DATA EXCERPT:
[Start of section]
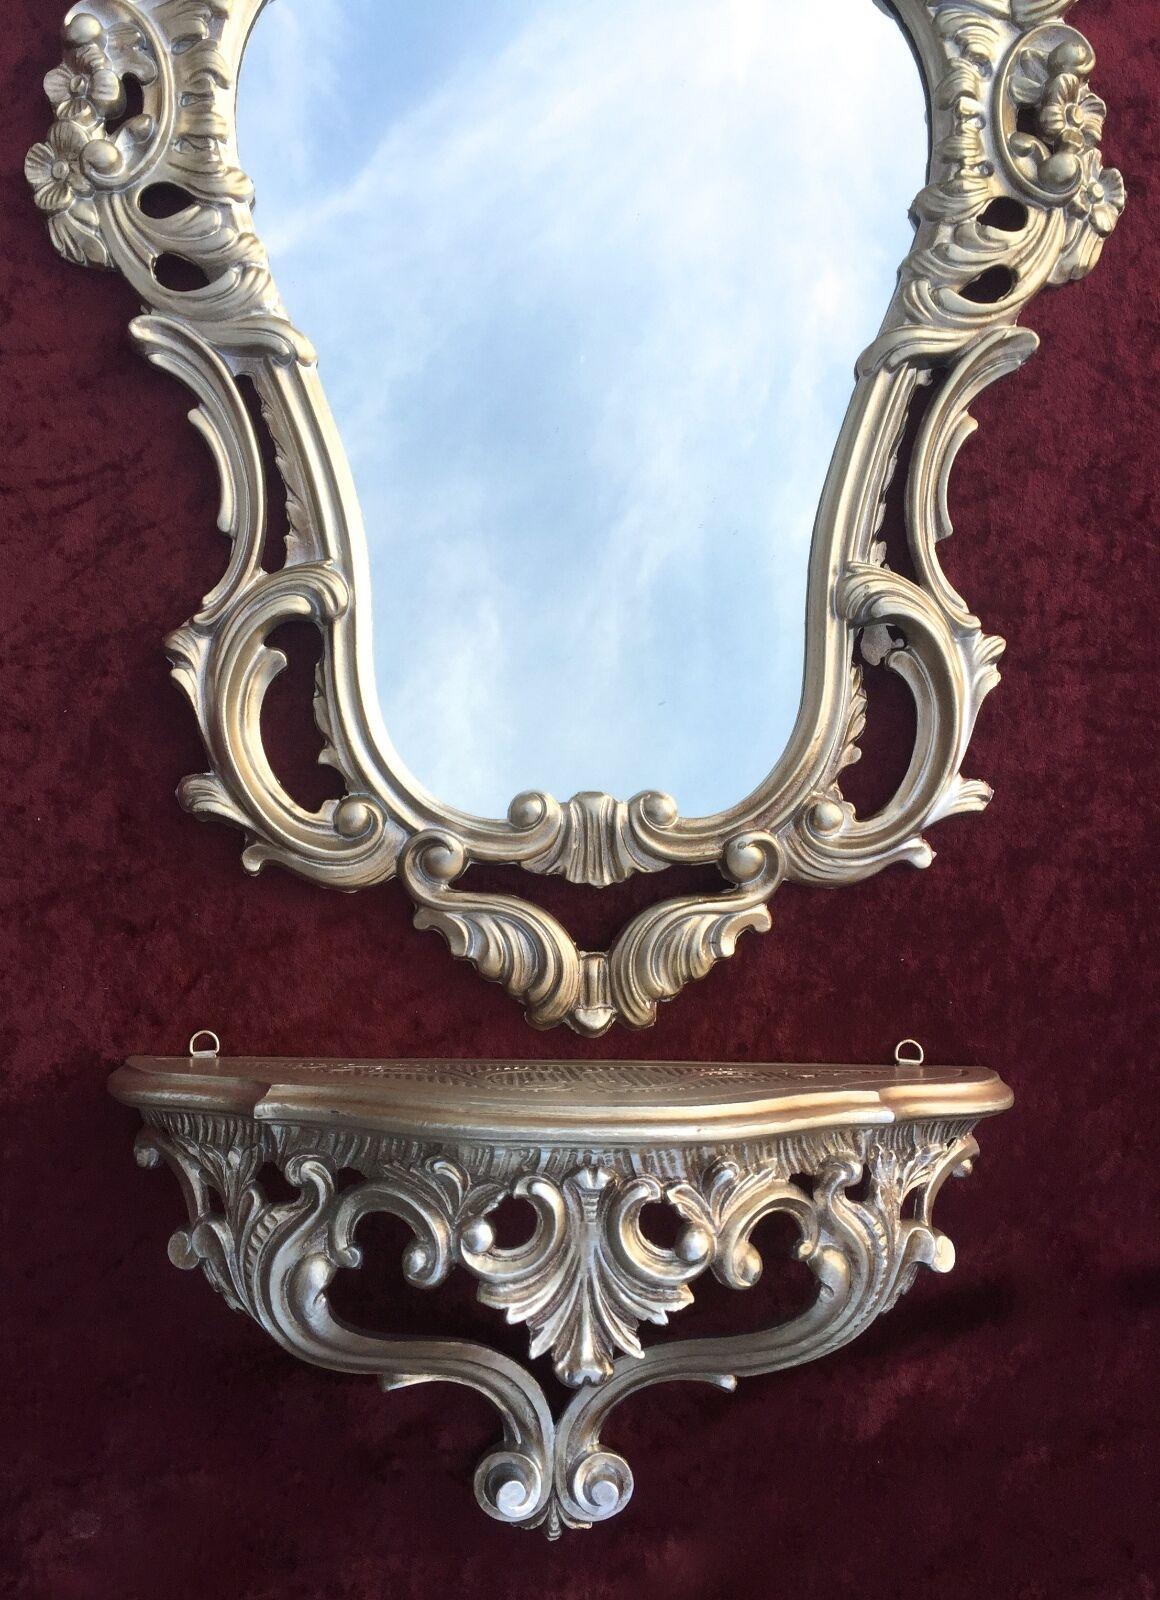 Konsolen Antik Wandspiegel Mit Wandkonsole Spiegel 50x76 Antik Barock Spiegelablage Weiß
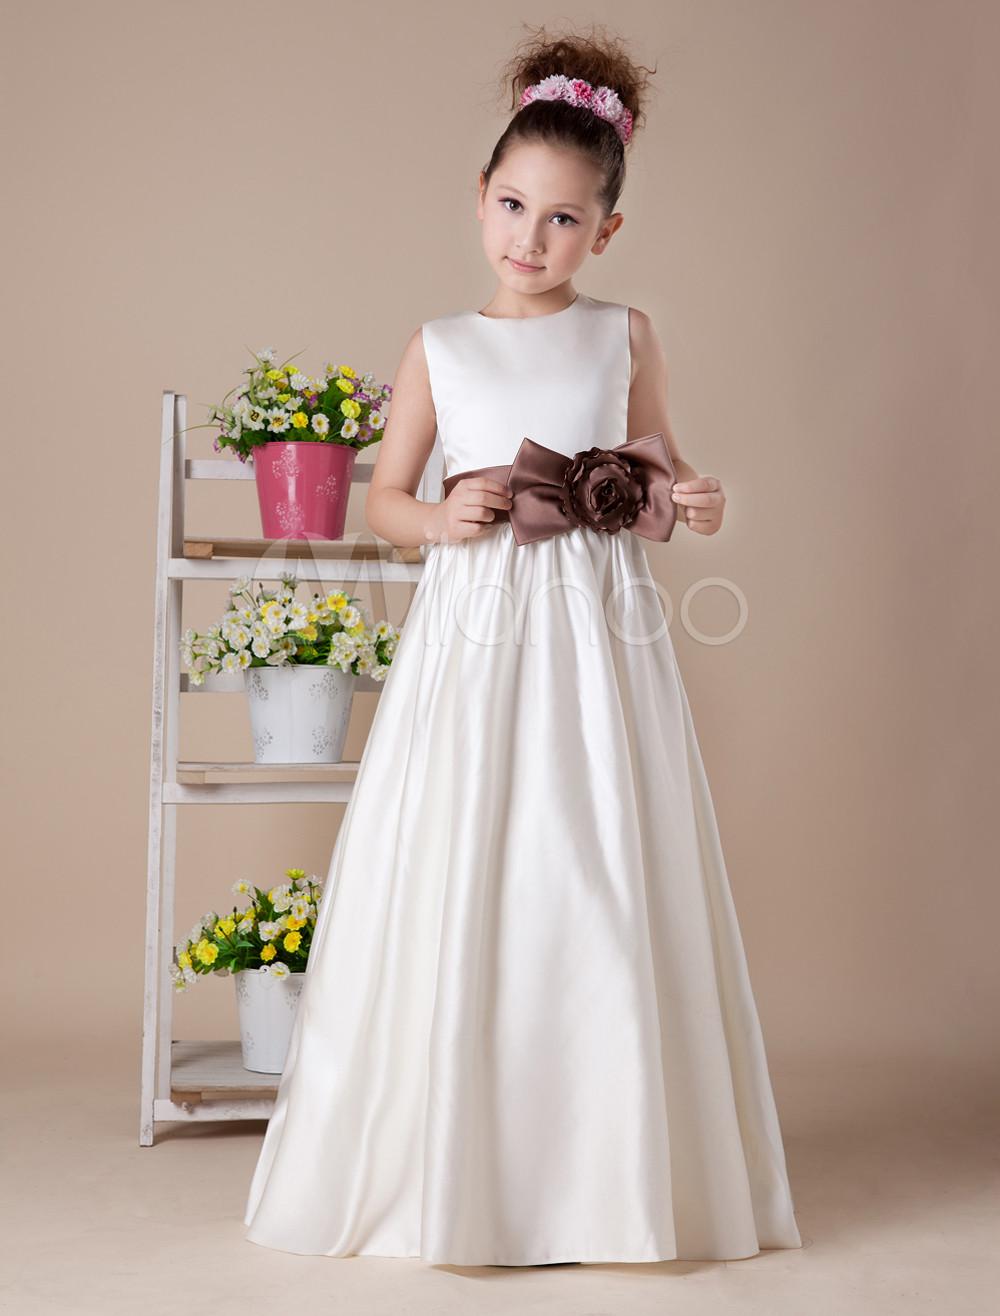 White Sleeveless Bow Sash Satin Flower Girl Dress
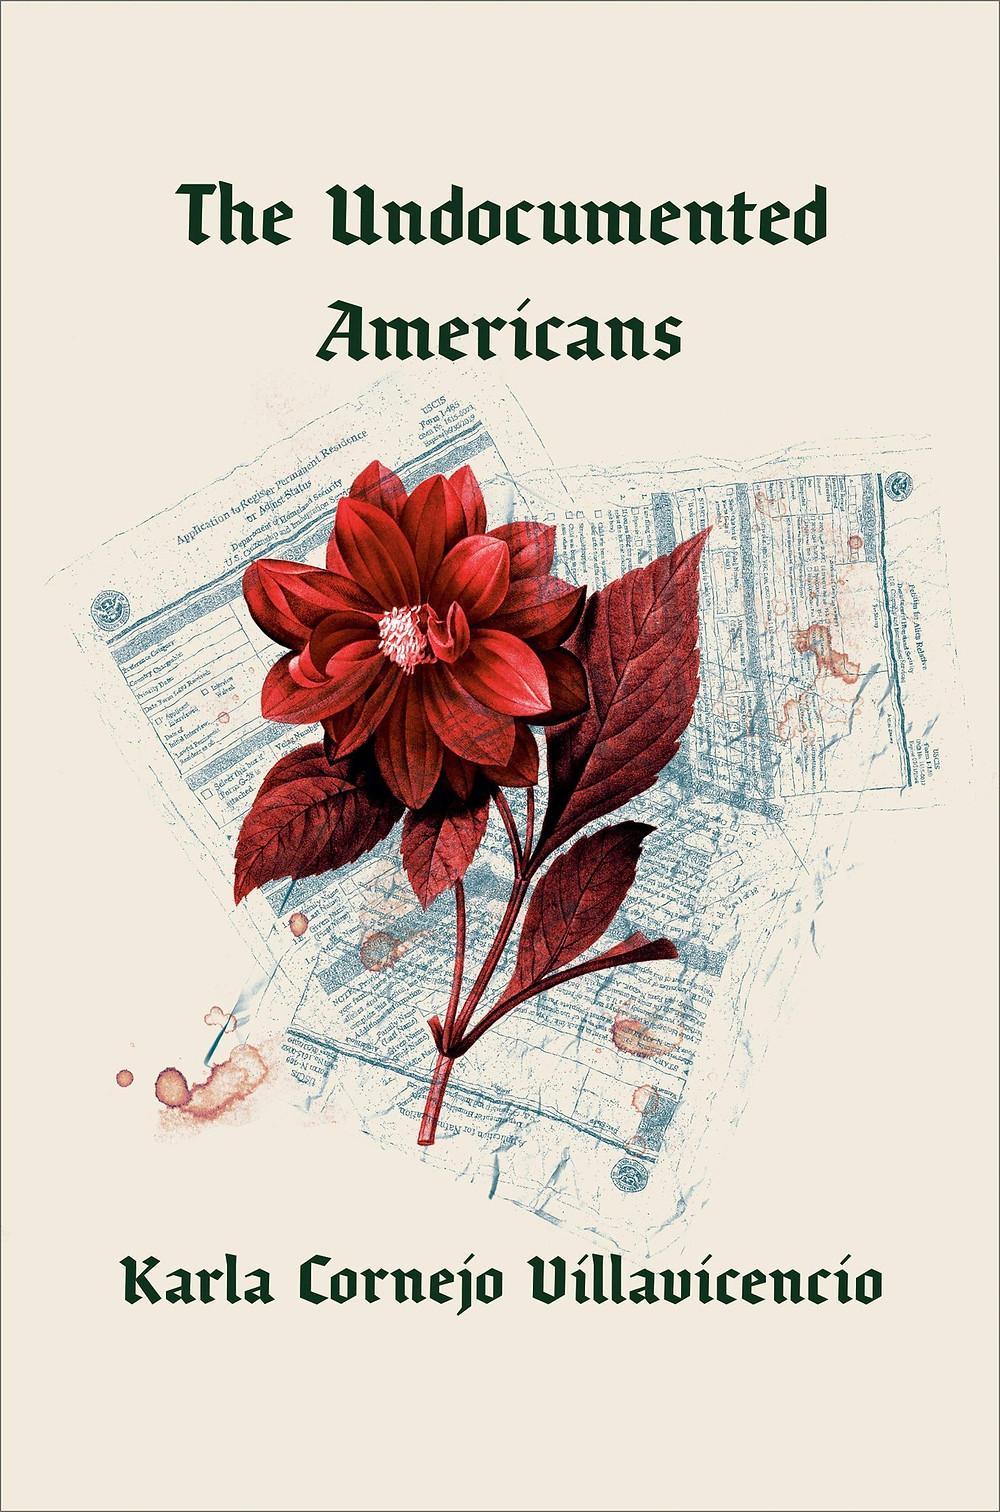 The Undocumented Americans by Karla Cornejo Villavicencio : the book slut book reviews thebookslut
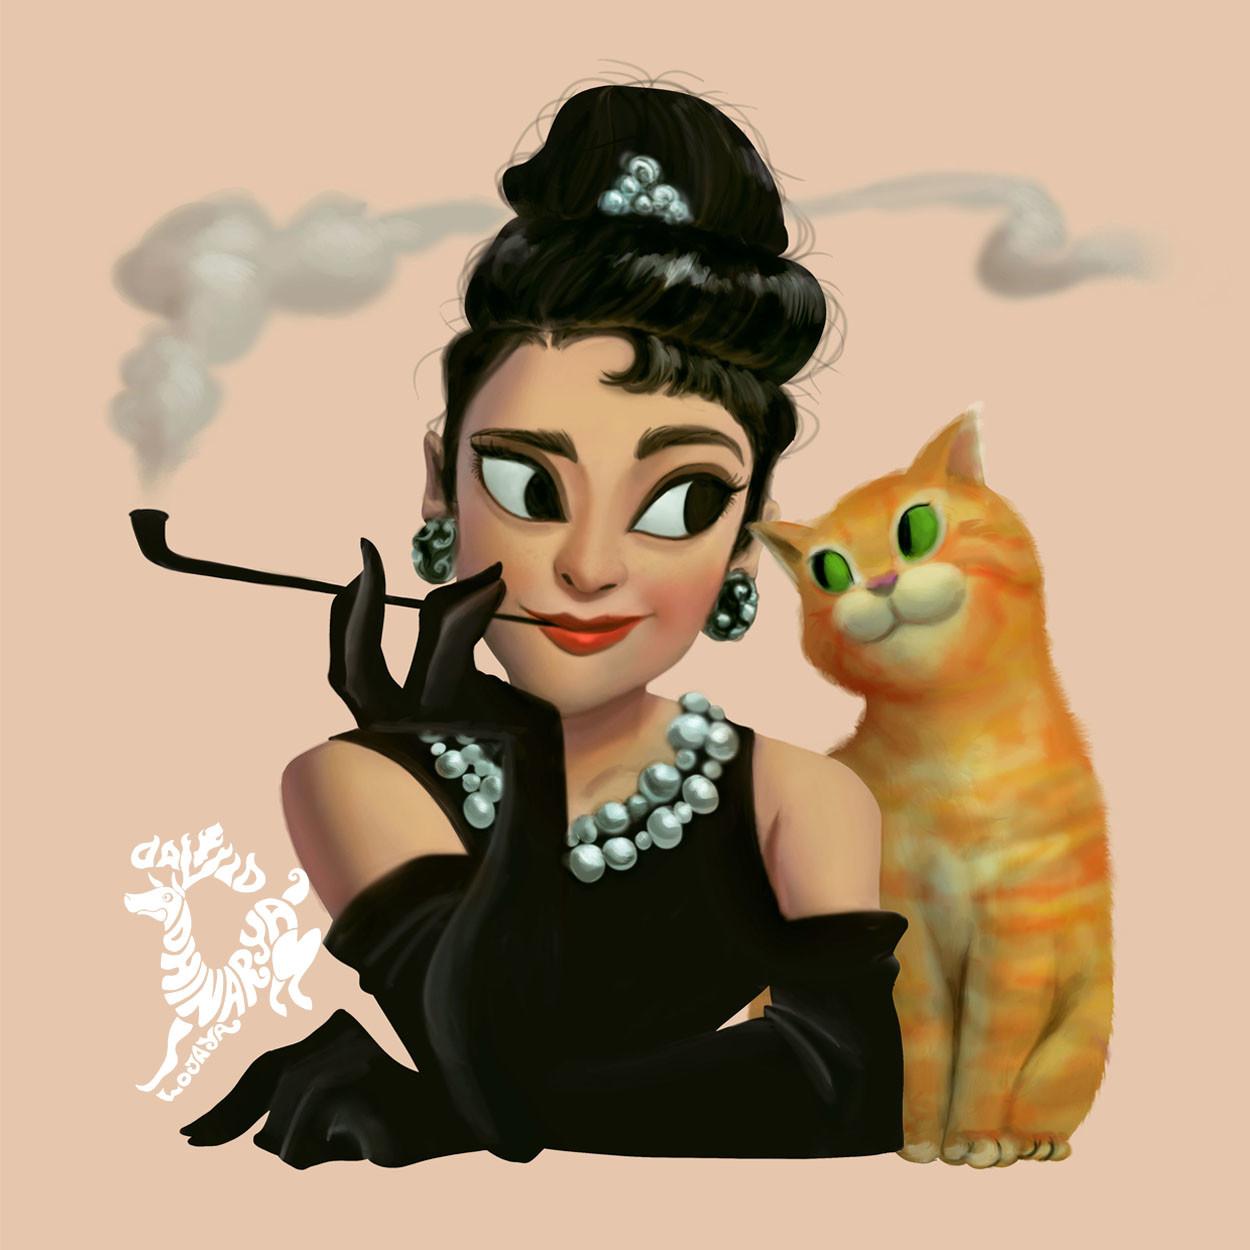 Фото Audrey Hepburn / Одри Хепберн с рыжим котом, Art by David Ardinaryas Lojaya
[End of section]
PROBLEM DETAILS: Find the line containing "White Sleeveless Bow" and copy it and each line after it through the end of the material, exactly, with no pictures.

SOLUTION:
 White Sleeveless Bow Sash Satin Flower Girl Dress
 The Undocumented Americans by Karla Cornejo Villavicencio : the book slut book reviews thebookslut
 Фото Audrey Hepburn / Одри Хепберн с рыжим котом, Art by David Ardinaryas Lojaya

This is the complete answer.